Materials and methods
Tissue samples
All chondrosarcoma and adjacent non-tumor tissue
samples were obtained from the First Hospital of China Medical
University from June 1993 to June 2013, following the consent of
each patient. The procedure was approved by the China Medical
University Ethics Committee. The study population consisted of 34
men and 18 women and the mean age was 44 years (range, 19–68
years). Twenty-three of the 52 cases were histologic grade I
tumors, 15 were grade II tumors, and the remaining 14 were grade
III.
Cell culture
The human chondrosarcoma cell lines, SW1353 (derived
from a human grade II chondrosarcoma) (12) and OUMS-27 (derived from a human
grade III chondrosarcoma) (13),
and RUNX3-positive SW1353 cells (14) were stored in our laboratory and
maintained in minimum essential medium (MEM) (Life Technologies,
Gaithersburg, MD, USA) supplemented with 10% (v/v) fetal bovine
serum (FBS) and antibiotics (100 U/ml of penicillin and 100 mg/ml
of streptomycin) at 37°C in a 5% (v/v) CO2
incubator.
Plasmid and transfection
SW1353 and OUMS-27 cells were seeded in 10-cm dishes
and grown overnight to 70% confluency, trypsinized and transfected
with the APOBEC3B shRNA plasmid (sc-72515-SH; Santa Cruz
Biotechnology, Santa Cruz, CA, USA) using Lipofectamine™ 2000
(Invitrogen, Carlsbad, CA, USA) according to the manufacturer’s
instructions.
Colony formation assay
Cells were seeded at 200 cells/well in 24-well
tissue culture plates.

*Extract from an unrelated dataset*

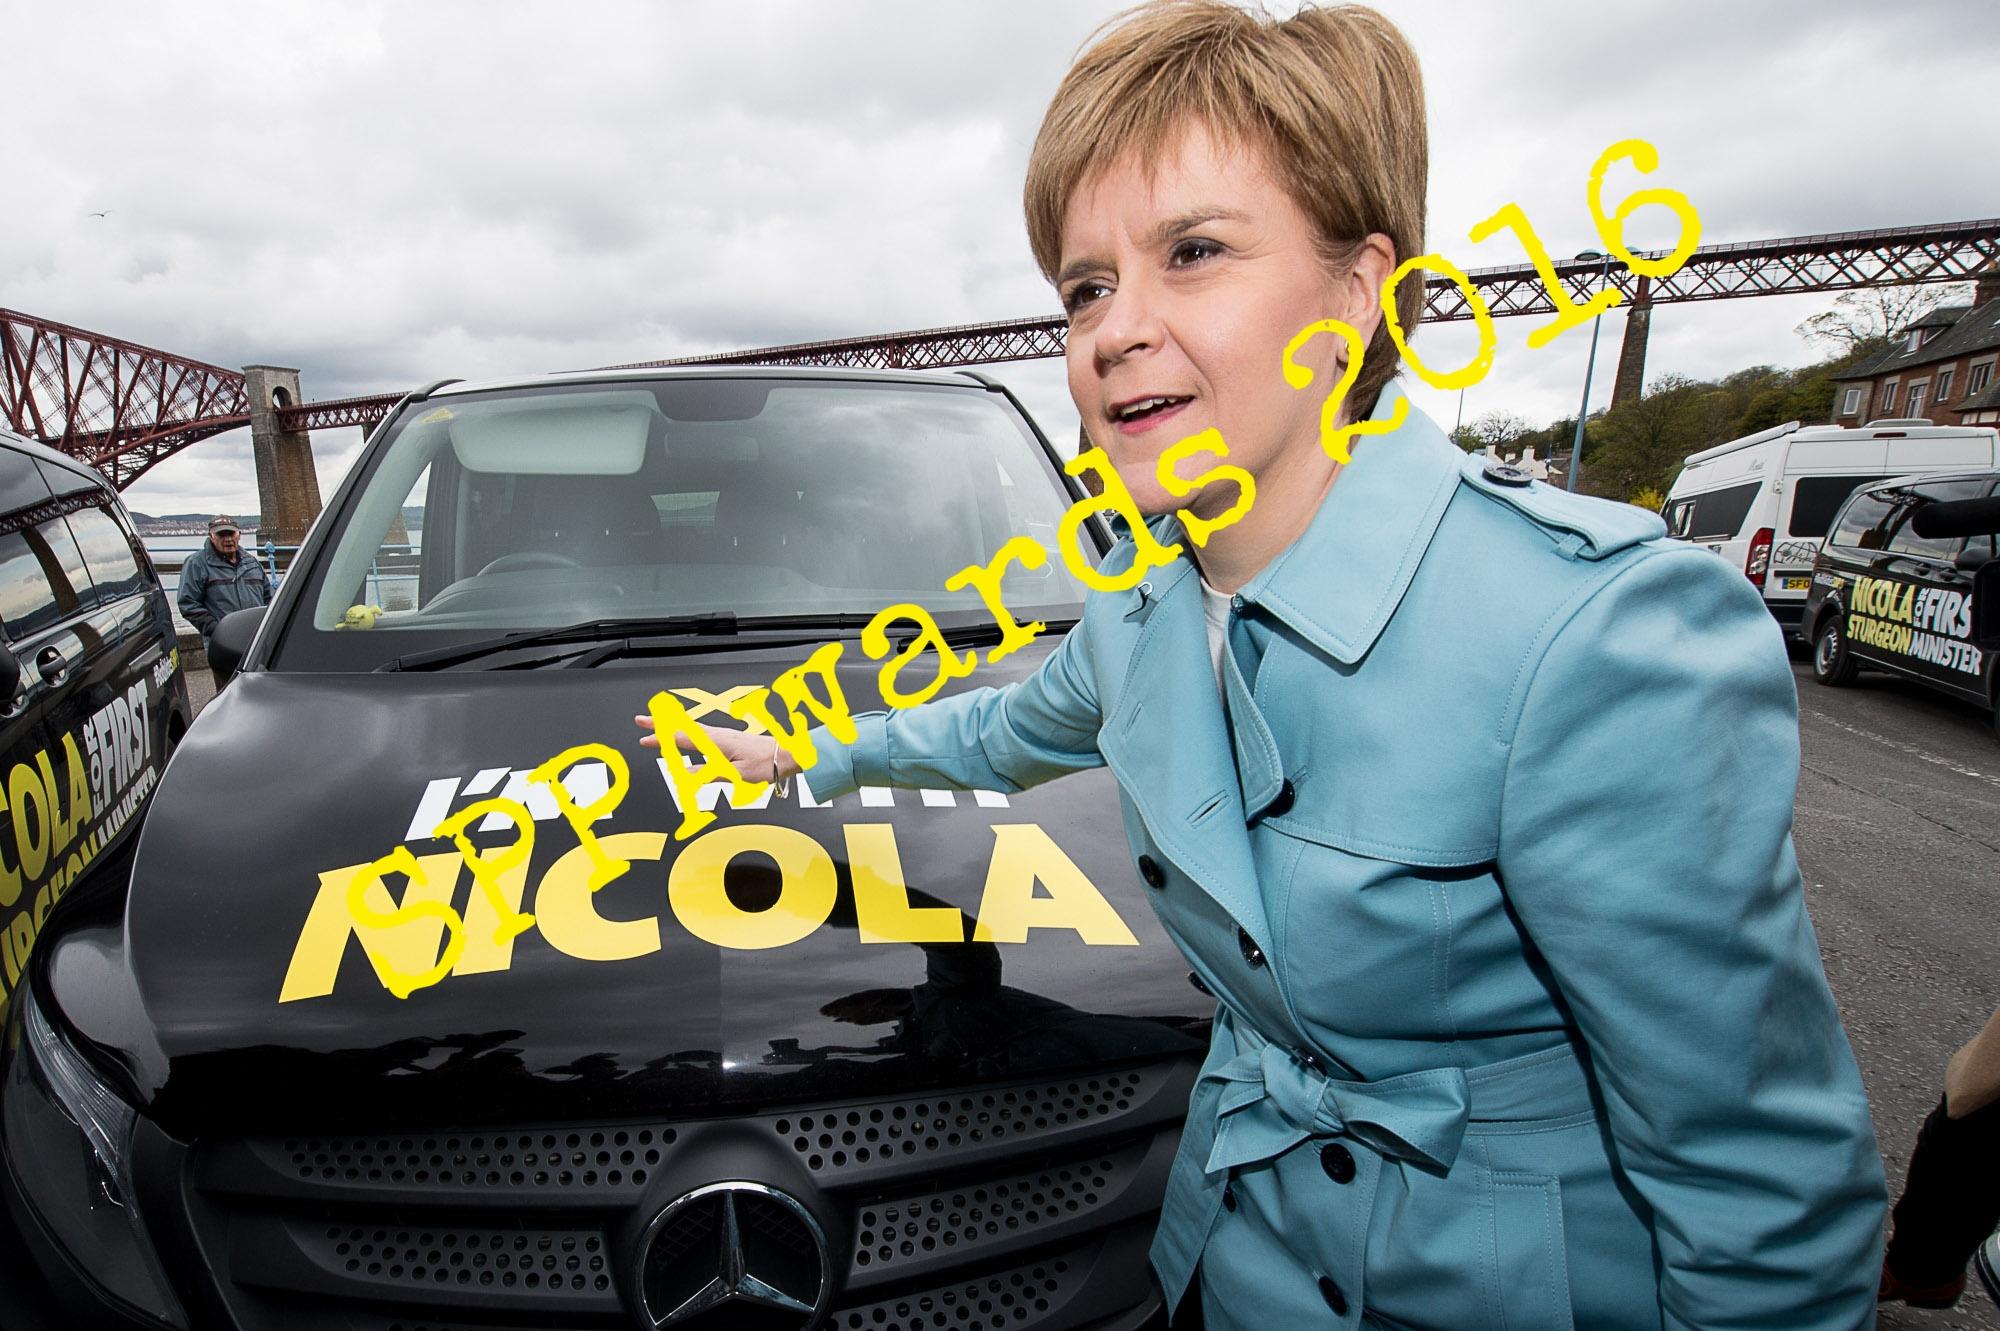 POLITICS_NICOLA_ONE_WEEK_TO_GO_DN-7.jpg
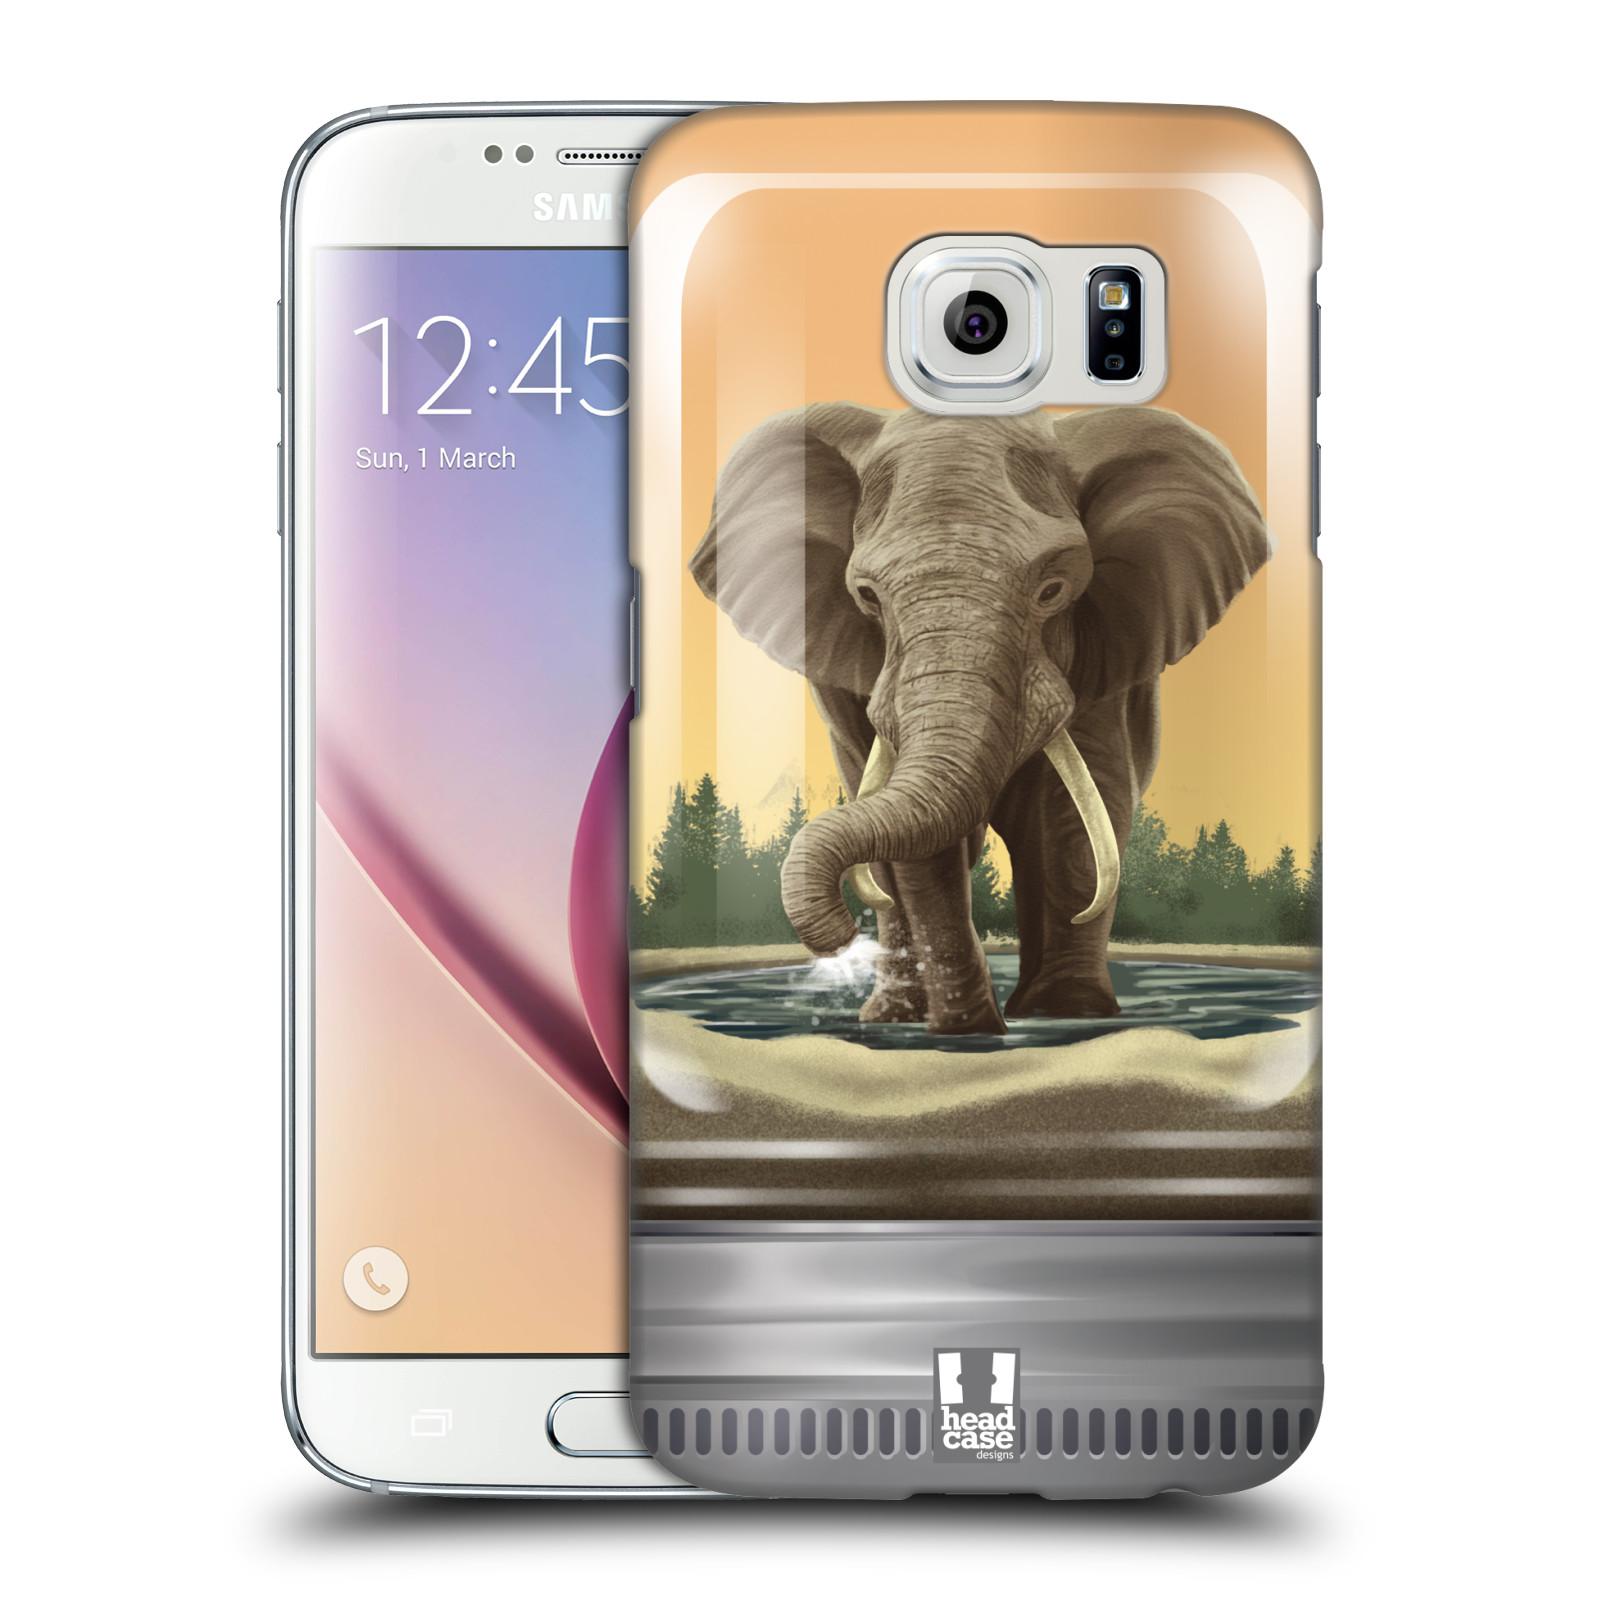 HEAD CASE plastový obal na mobil SAMSUNG Galaxy S6 (G9200, G920F) vzor Zvířátka v těžítku slon

Plates were incubated for 3 weeks in a
humidified incubator at 37°C. Three weeks after seeding, colonies
were stained with 0.05% crystal violet containing 50% methanol and
counted. The colonies were counted in 4 to 5 random fields for each
of the duplicate samples by using a microscope at ×100
magnification.
Measurement of apoptotic cell death
Cells were harvested 48 h after transfection, and
immunostained with Annexin V-FITC and propidium iodide (PI)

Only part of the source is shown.